Basically if you try to assign a value to `message` that is not valid for the 
narrowed type, but is fine for a wider type then it can simply be widened again 
at that point. You could think of the variable's type as being a stack of 
types, each narrower than the last; if you hit a road-block with the current 
type, you can try rolling back (widening) until you find one that works, at 
which point this is the new narrowest type, or return an error as normal.

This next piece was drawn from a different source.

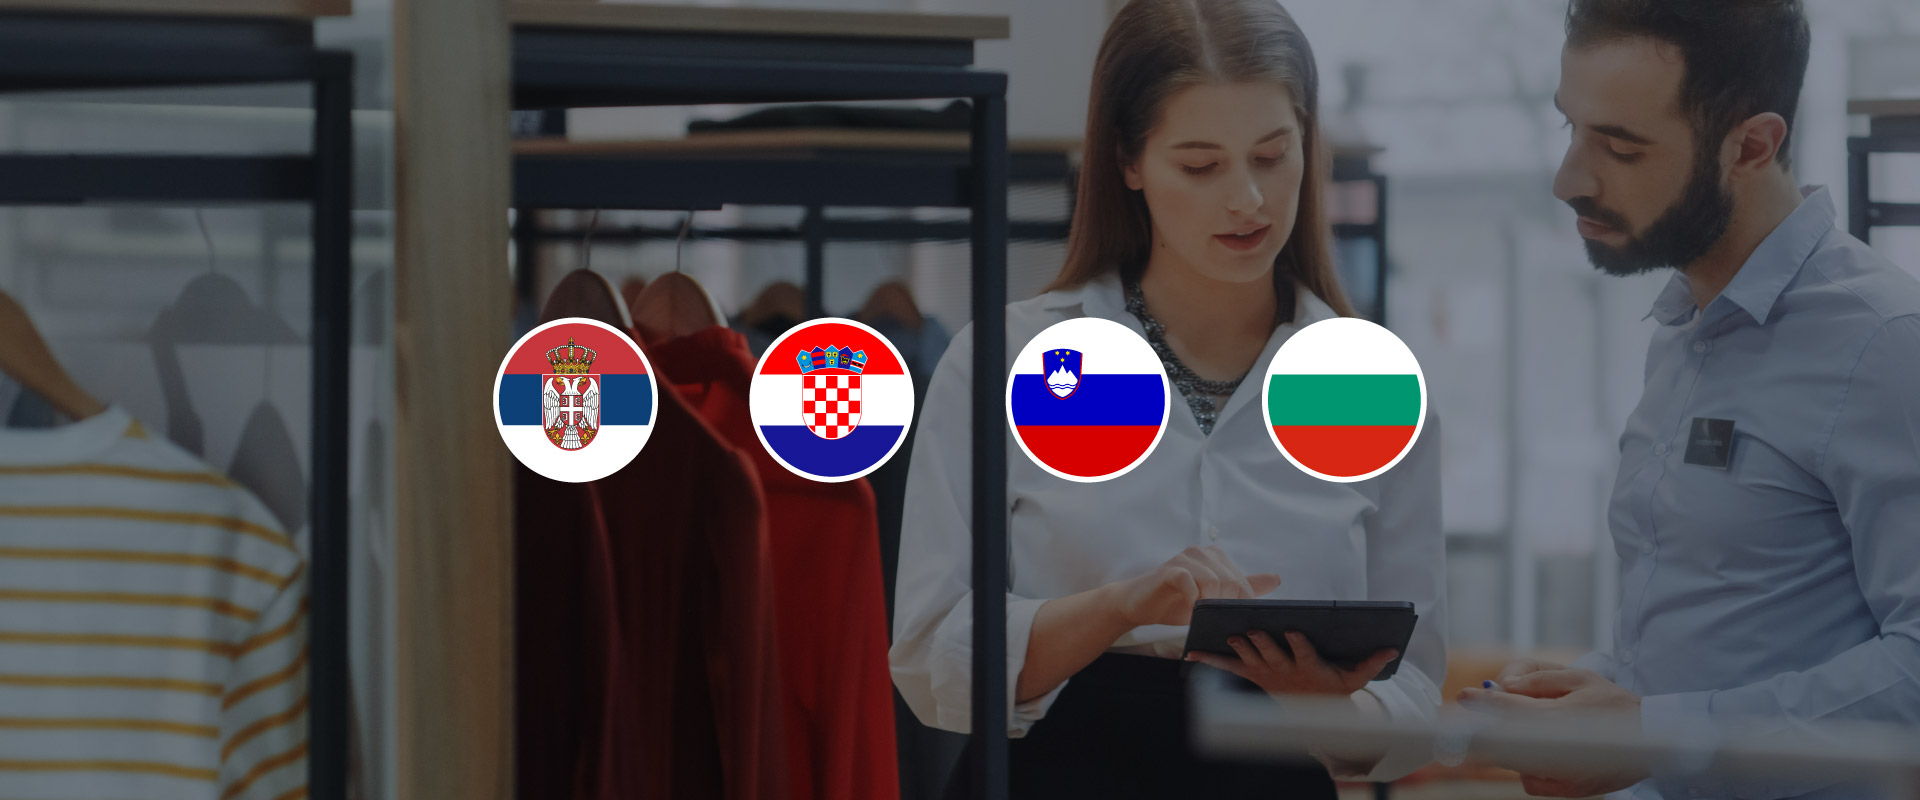 NaviPartner’s NP Retail is now fully compliant with the fiscal laws of Serbia, Croatia, Slovenia and Bulgaria

In this specific example you may instead think of it as re-narrowing, as after 
that line message can only be `nil`. 

In fact in that example we can look at it like this:

        // message is Optional
        if message != nil { // Optional.some
                handleMessage(message) // Optional.some
                message = nil // Optional.none
        } // Optional.none

As both branches ended with the same type, the type of message afterwards is 
Optional.none from that point on; allowing unwrapping operations to become 
invalid (as they cannot possibly succeed) and other useful behaviours. If 
message wasn't set to nil within the if statement then it would return to being 
the wider Optional (as it's the narrowest type that both branches have in 
common).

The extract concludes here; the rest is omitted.